Государь с интересом осведомился, довольна ли она своей комнатой во дворце. Алина ответила, что довольна.

Комната была обширна, но очень низка, под самой крышей. Зеленые крашеные стены, зеленые простые занавески на двух полукруглых окошках казались такими казенными. Широкая карельской березы кровать, два кресла, крытые зеленым сафьяном, гардероб с зеркалом, туалетный столик. Предметы были все больше старые, сосланные из нижних, парадных комнат дворца. Однако подбор их был довольно удачен по стилю и в тон.

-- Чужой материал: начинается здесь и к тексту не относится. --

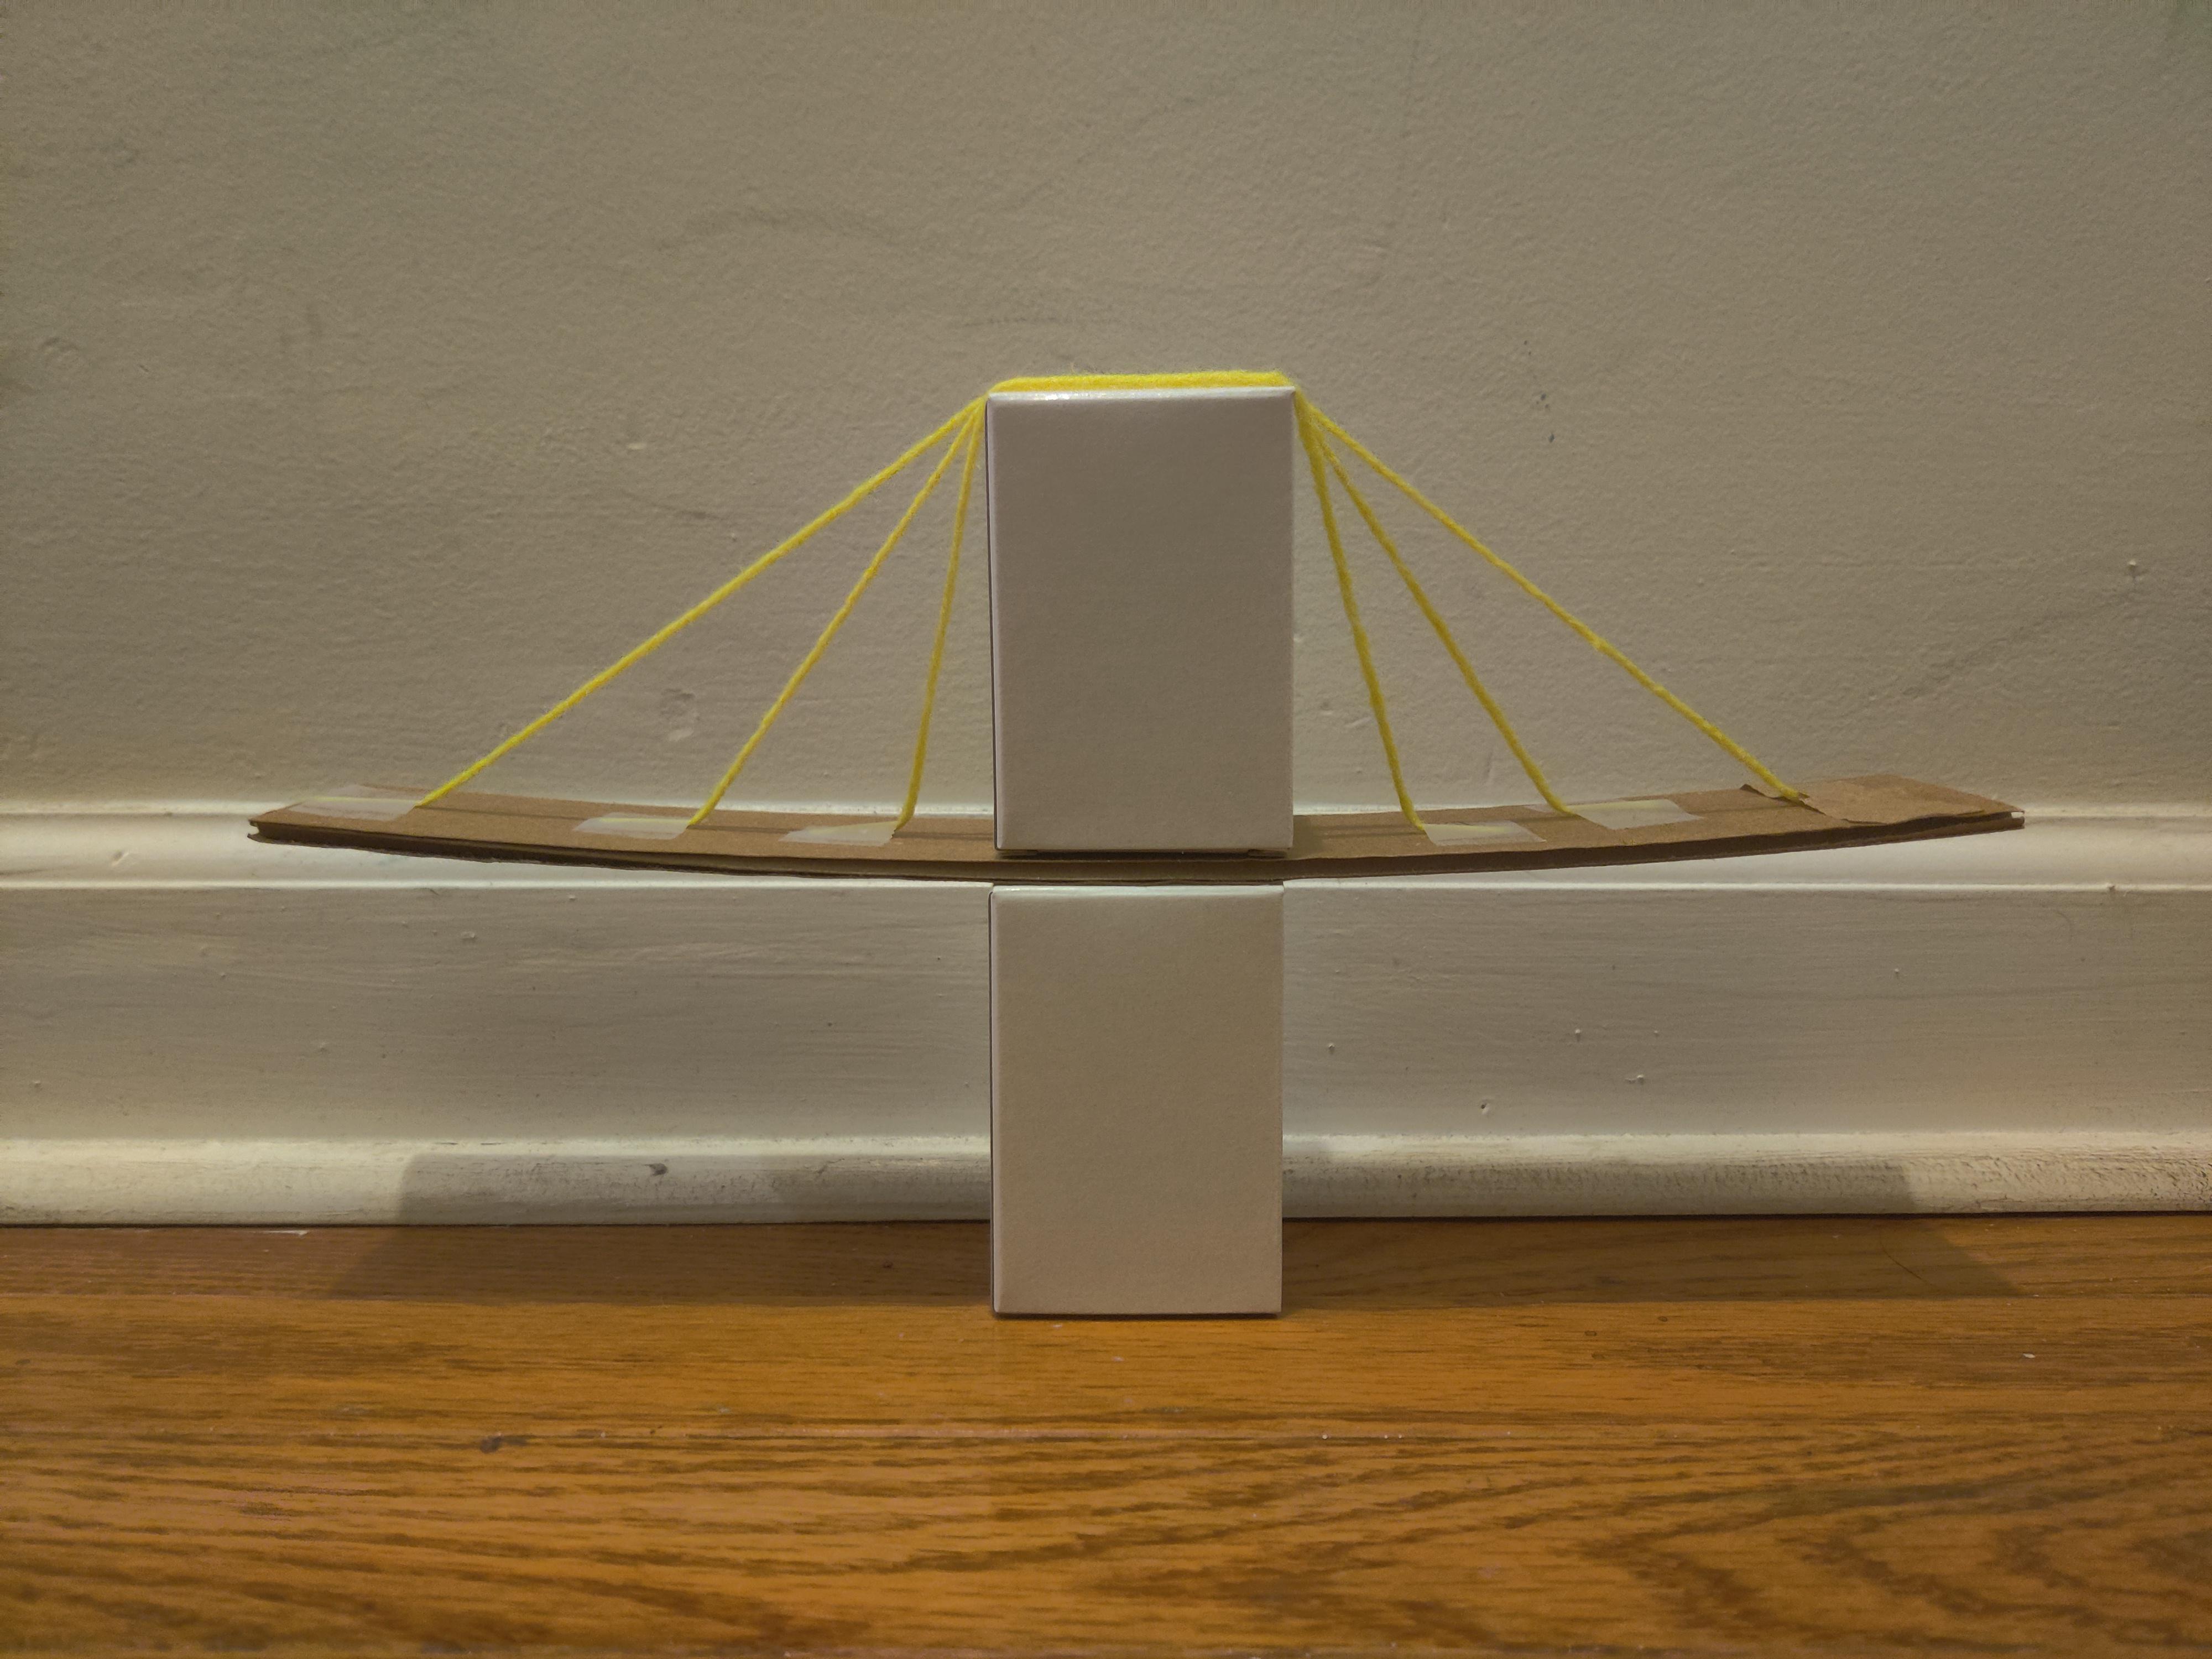 Architecture at Home: Suspension Bridges at Center for Architecture

Из дневника Алины Головиной: «Как государь понимает, что мне несладко! Нет дня, чтобы он не перебросился со мной хотя двумя словами. И это всегда слова сочувствия и заботы почти отеческой. Вчера был вечер, когда собрались мы у императрицы, – один из тех интимных ее вечеров, где кроме царской фамилии присутствуют обычно пять-шесть человек истинно приближенных. Среди них непременно графиня Бобринская (лучшая подруга ее величества) – очень красивая и живая шатенка, которая на этот раз была в темно-зеленом бархатном платье и с такими изумрудами на шее, что дух захватило. Была и Мэри Барятинская – она как-то уж слишком внимательно и часто на меня косилась. Еще были граф Бенкендорф и знаменитый поэт Жуковский. Сей последний читал свой перевод «Одиссеи», довольно сложный. Впрочем, немолодой уж поэт так мил, такой он весь уютный и круглый, что иногда (каюсь!) он мне казался котом, без мурлыканья которого семейный вечер лишится своего сердца.

Когда мы уже расходились, я вызвалась проводить Мэри до кареты. Ее мать скромно шла за нами. А ведь еще месяца три назад я трепетала от одного взгляда этой женщины.

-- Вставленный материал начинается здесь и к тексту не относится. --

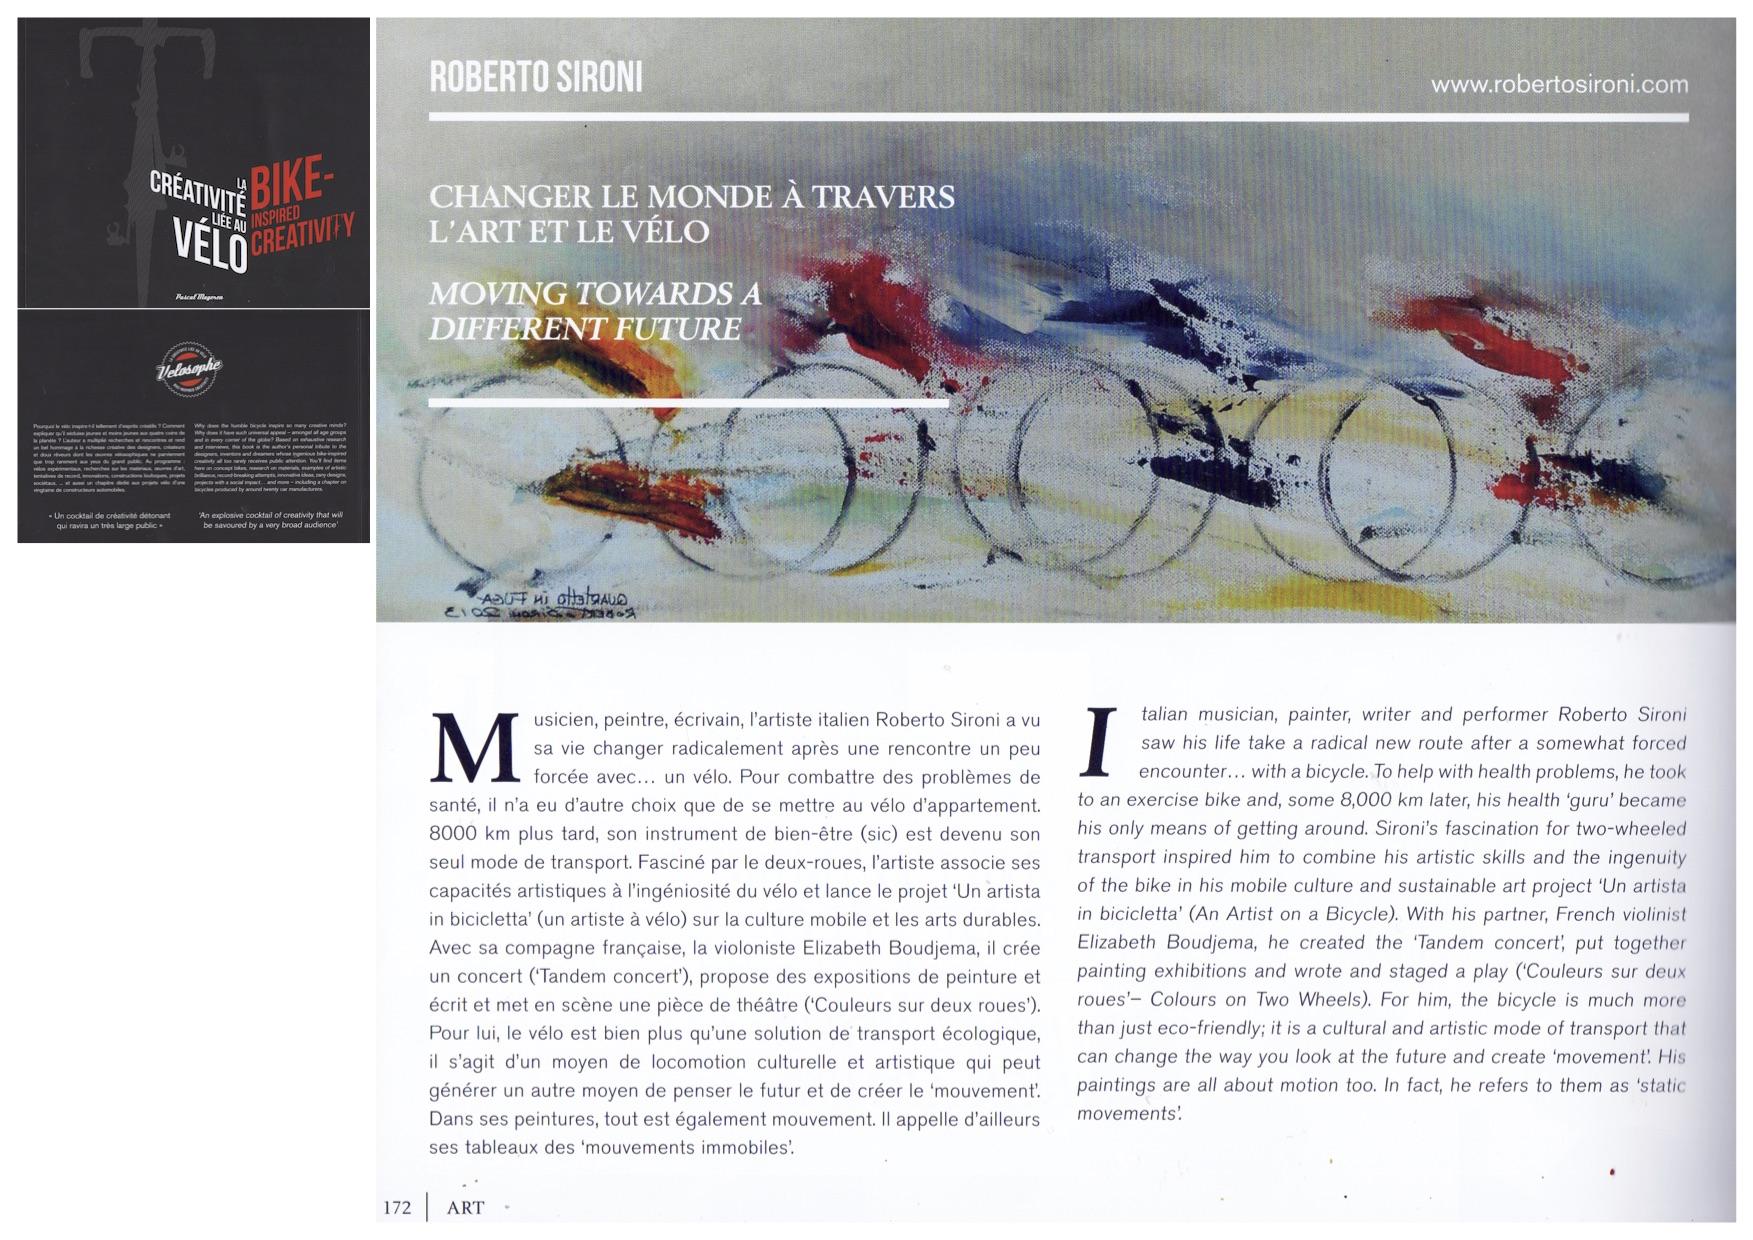 BIKE INSPIRED CREATIVITY - Pascal Margeren

Мэри взяла меня под руку и сказала вдруг очень тихо:

– Итак, милая, прими мои поздравления!

– О чем ты?!

– Но государь смотрел на тебя так особенно!..

– Он в самом деле очень добр ко мне.

– Больше, чем добр… Нельзя же, в самом деле, быть такою слепой! Я тоже фрейлина, но еду сейчас домой… Ах, комнату во дворце предлагают не всем. Странно, а я-то думала…

Она запнулась.

– Что же думала ты?

– Что все у вас… уж свершилось…

Я чуть не споткнулась от этих слов. Отчего-то я подумала о бедном моем Б., но спросила совсем другое:

– Скажи лучше, как твой д’Антес?

– Он – ездит, – ответствовала Мэри очень значительно, из чего заключила я, что он снова в нее влюблен. Вот мужчины!»

Вернувшись к себе, Алина вдруг испугалась. Как! Государь ее любит? Возможно ль такое? И как же тогда Базиль?.. С ним в последний раз она виделась у тетушки полторы недели назад. Уже полторы недели! И он был как-то особенно боязлив. Тетушка весь вечер глаз с него не спускала, и дядюшка тоже. Ведь не одна только Мэри знает о чувстве царя. Может быть, Базиль боится такого соперника? «А занятно…» – подумалось тут Алине. Но что «занятно», она не додумала.

Алина живо представила статную фигуру царя с мощной выпуклой грудью, с гордой широкой шеей и профилем пронзительно-волевым. Базиль рядом с ним казался воробышком несмышленым.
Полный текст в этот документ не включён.